If, on supposedly feminist grounds of supporting female leadership, you have supported Yvette Cooper for leader, knowing her austerian policies will hurt women, then you have no higher ground from which to berate Corbyn's gender politics. The invocation of gender there is every bit as superficial as Moore's
ersatz invocation of class politics while pandering to a far right violent street gang (and indeed, note in the same article the pseudo-feminist apologia for a bunch of big bovver boys in big boots kicking Muslim heads in). It is a decoy. By the same token, if you are so opportunistic in your use of feminist thematics that you will fake an incident at a mosque in order to incite racist outrage and bolster your media career, you have no higher ground from which to berate Corbyn's gender politics. Once again, it is a decoy. At best, concern trolling. These people have
nothing to teach the left about gender politics.

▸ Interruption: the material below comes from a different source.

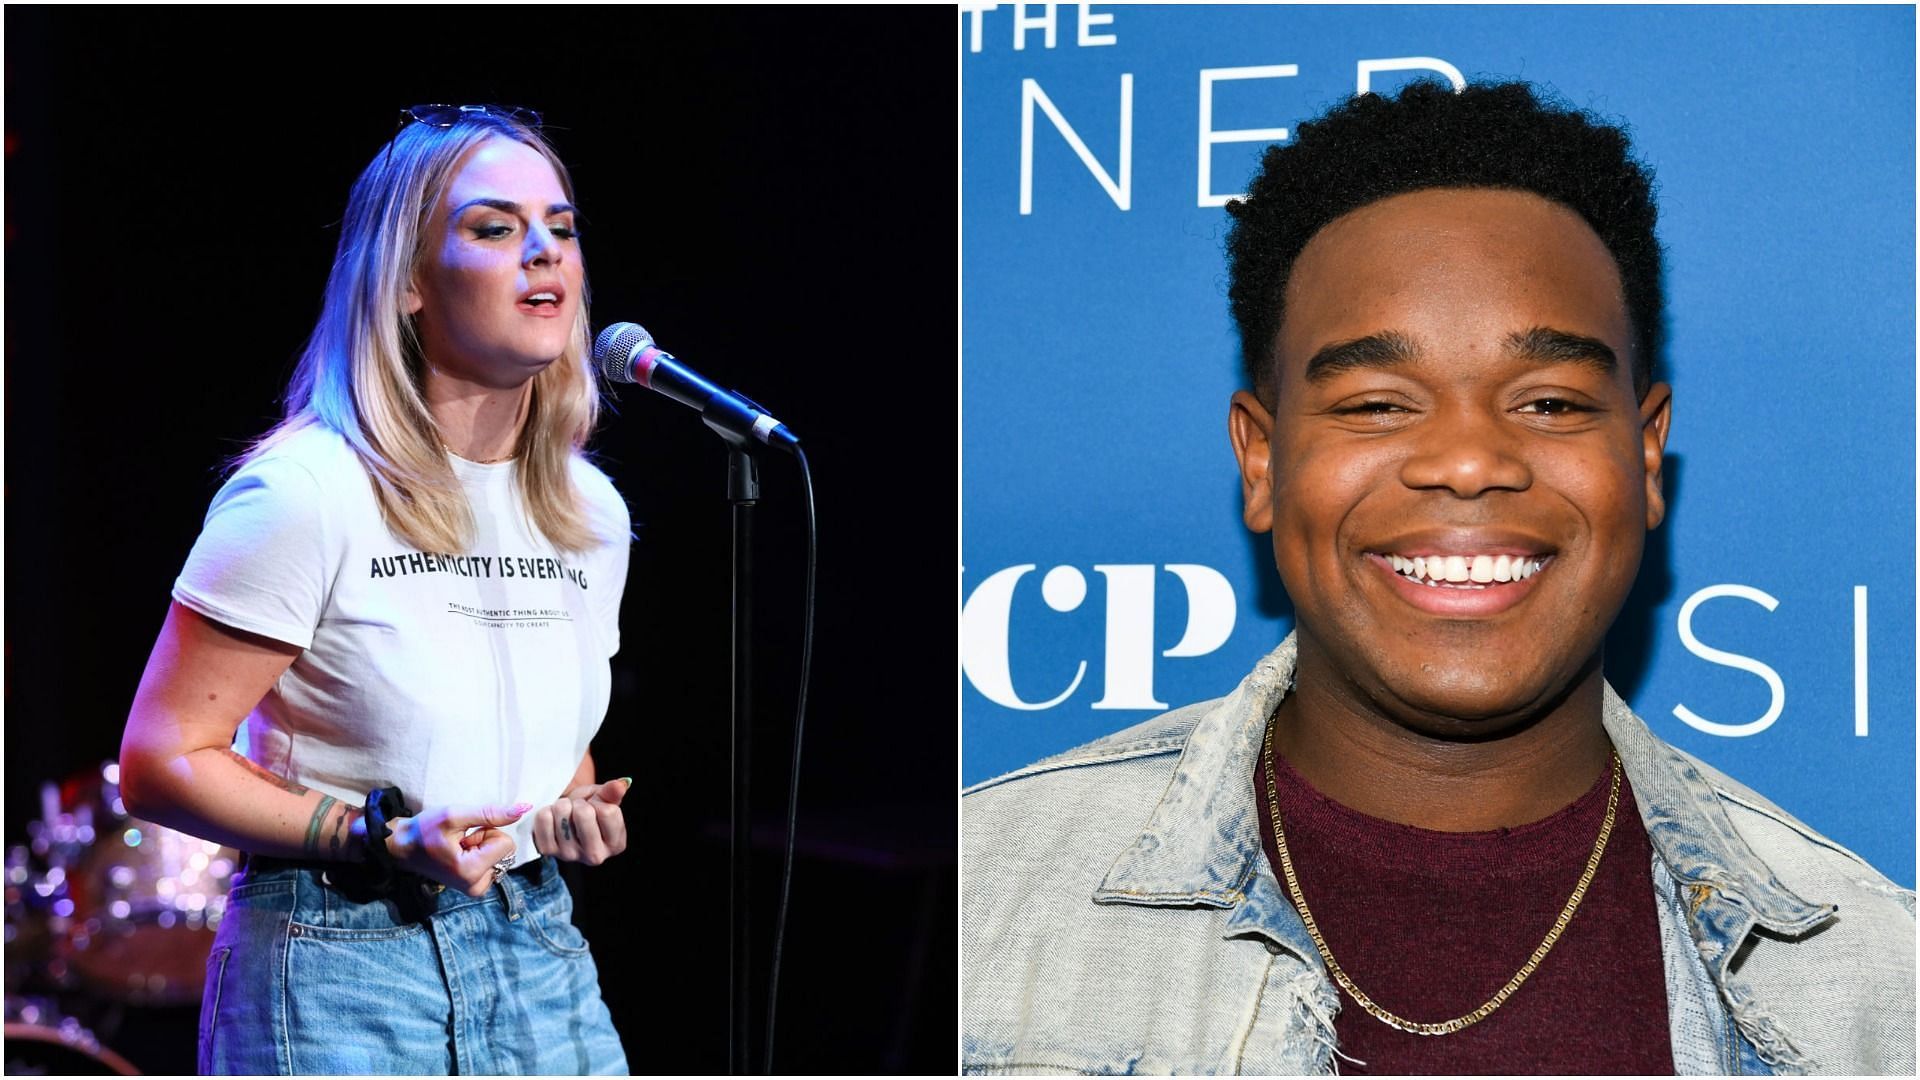 Dexter Darden paid tribute to JoJo on his birthday (Images by Rebecca Sapp and Rodin Eckenroth via Getty Images)

No doubt, and soon, we will hear the feminist case for keeping Trident, the feminist case for tougher immigration controls (I think Joan Smith has already been working on that), the feminist case for Anschluss, and at long last the feminist case for nutting people right in the fucking face, square go. Because apparently there is no atrocity that you can't justify by sticking the label feminist in front of it, and brazening it out.